#### Work order
Using the listing below, work out how many lines contain the word "Kids", and respond with that number alone.

————————

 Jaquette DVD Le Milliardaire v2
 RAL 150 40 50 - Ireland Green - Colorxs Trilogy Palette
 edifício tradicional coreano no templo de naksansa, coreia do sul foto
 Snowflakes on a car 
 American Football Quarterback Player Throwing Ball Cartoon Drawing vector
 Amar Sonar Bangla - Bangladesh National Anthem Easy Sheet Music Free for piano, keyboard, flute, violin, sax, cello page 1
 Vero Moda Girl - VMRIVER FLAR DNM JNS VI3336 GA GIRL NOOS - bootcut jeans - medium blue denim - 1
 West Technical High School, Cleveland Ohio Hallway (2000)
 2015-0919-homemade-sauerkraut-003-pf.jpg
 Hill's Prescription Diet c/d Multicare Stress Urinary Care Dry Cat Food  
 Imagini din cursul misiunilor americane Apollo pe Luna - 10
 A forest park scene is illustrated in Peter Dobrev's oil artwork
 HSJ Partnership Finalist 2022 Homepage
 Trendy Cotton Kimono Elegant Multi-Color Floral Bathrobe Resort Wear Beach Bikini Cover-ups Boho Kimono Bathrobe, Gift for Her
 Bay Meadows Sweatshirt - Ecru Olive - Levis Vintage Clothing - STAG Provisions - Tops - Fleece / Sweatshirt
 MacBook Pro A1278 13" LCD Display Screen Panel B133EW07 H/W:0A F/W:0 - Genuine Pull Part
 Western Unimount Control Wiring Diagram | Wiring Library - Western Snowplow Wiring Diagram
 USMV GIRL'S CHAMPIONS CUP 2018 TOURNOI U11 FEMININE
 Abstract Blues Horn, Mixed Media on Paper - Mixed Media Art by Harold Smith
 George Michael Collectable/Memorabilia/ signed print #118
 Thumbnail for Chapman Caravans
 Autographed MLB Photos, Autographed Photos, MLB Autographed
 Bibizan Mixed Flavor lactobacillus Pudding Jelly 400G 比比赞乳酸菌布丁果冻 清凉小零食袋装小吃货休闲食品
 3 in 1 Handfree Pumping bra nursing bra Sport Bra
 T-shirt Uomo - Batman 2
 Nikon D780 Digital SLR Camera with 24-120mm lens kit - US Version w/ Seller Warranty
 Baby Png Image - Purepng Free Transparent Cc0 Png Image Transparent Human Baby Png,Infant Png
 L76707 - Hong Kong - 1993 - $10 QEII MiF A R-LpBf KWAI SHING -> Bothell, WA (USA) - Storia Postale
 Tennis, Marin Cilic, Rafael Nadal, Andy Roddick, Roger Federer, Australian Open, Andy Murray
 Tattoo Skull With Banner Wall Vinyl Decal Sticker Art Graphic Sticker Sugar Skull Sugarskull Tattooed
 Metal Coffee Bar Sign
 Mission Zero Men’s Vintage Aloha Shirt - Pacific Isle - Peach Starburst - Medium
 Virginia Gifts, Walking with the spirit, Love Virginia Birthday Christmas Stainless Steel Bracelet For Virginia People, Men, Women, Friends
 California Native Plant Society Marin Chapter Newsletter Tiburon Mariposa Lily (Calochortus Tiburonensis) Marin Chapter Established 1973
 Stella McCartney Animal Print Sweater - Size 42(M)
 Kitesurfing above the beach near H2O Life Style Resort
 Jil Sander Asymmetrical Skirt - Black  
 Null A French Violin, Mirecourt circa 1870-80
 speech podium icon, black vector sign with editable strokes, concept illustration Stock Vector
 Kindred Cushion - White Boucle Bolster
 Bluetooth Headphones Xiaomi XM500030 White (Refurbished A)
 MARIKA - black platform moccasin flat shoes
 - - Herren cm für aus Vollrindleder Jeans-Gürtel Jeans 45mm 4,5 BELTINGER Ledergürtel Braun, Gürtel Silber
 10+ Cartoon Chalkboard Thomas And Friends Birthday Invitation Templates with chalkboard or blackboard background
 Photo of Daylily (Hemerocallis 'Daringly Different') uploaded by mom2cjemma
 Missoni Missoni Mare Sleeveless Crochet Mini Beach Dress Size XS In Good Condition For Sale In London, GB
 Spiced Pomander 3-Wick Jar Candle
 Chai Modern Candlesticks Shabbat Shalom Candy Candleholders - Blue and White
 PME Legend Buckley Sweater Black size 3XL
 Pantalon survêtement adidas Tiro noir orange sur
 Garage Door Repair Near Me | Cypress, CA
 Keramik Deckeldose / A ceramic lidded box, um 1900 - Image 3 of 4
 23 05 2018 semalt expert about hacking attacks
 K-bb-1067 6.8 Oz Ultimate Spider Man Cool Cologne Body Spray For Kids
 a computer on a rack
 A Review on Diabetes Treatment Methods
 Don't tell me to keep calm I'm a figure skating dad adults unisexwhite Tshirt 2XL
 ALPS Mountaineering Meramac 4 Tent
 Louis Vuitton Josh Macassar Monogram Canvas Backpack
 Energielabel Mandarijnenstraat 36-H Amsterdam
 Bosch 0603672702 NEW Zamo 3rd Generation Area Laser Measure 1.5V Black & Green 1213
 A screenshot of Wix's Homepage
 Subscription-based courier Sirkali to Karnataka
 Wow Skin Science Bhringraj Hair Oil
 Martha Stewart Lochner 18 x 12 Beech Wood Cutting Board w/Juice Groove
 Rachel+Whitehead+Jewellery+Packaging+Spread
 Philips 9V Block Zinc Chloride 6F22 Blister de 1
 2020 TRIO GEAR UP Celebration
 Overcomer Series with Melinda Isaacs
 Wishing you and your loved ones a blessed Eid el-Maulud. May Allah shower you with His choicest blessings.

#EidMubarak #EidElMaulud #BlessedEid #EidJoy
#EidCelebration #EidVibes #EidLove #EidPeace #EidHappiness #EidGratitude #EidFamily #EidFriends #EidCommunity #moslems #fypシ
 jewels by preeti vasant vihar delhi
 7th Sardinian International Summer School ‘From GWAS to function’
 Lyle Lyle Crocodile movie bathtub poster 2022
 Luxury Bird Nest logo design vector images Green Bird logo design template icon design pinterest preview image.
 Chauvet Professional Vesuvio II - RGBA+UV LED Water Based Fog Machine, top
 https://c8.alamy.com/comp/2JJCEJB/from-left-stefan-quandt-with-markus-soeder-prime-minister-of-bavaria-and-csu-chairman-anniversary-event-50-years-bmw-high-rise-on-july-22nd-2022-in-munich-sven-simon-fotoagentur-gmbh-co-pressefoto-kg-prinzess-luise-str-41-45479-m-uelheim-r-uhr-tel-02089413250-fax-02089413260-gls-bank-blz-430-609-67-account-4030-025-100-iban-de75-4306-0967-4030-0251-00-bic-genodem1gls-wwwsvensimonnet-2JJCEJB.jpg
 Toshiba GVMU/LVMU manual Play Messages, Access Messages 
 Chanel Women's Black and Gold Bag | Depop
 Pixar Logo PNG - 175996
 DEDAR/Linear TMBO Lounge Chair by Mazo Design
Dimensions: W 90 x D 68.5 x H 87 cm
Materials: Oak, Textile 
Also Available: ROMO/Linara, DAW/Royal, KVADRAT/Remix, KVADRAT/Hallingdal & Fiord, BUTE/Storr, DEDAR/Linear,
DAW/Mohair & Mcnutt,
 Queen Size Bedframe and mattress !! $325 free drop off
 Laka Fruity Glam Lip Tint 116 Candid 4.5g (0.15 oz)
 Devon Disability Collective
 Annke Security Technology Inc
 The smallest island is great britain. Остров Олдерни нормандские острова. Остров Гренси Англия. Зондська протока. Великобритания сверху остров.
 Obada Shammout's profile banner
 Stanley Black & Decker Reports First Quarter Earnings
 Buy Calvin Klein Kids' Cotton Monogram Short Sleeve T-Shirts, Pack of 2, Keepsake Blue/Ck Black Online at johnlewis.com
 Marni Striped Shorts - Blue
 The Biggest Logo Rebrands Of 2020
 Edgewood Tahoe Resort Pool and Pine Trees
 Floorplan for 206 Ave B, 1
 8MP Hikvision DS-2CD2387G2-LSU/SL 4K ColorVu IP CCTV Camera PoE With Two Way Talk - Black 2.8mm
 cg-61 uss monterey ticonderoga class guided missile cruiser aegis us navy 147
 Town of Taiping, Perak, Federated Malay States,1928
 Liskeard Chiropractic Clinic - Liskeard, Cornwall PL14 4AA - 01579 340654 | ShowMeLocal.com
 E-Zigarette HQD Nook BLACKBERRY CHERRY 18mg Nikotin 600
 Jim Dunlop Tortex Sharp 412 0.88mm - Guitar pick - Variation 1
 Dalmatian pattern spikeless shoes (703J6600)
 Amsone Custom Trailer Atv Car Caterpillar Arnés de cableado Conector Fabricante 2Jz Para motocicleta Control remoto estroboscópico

————————

#### Response to this exercise
2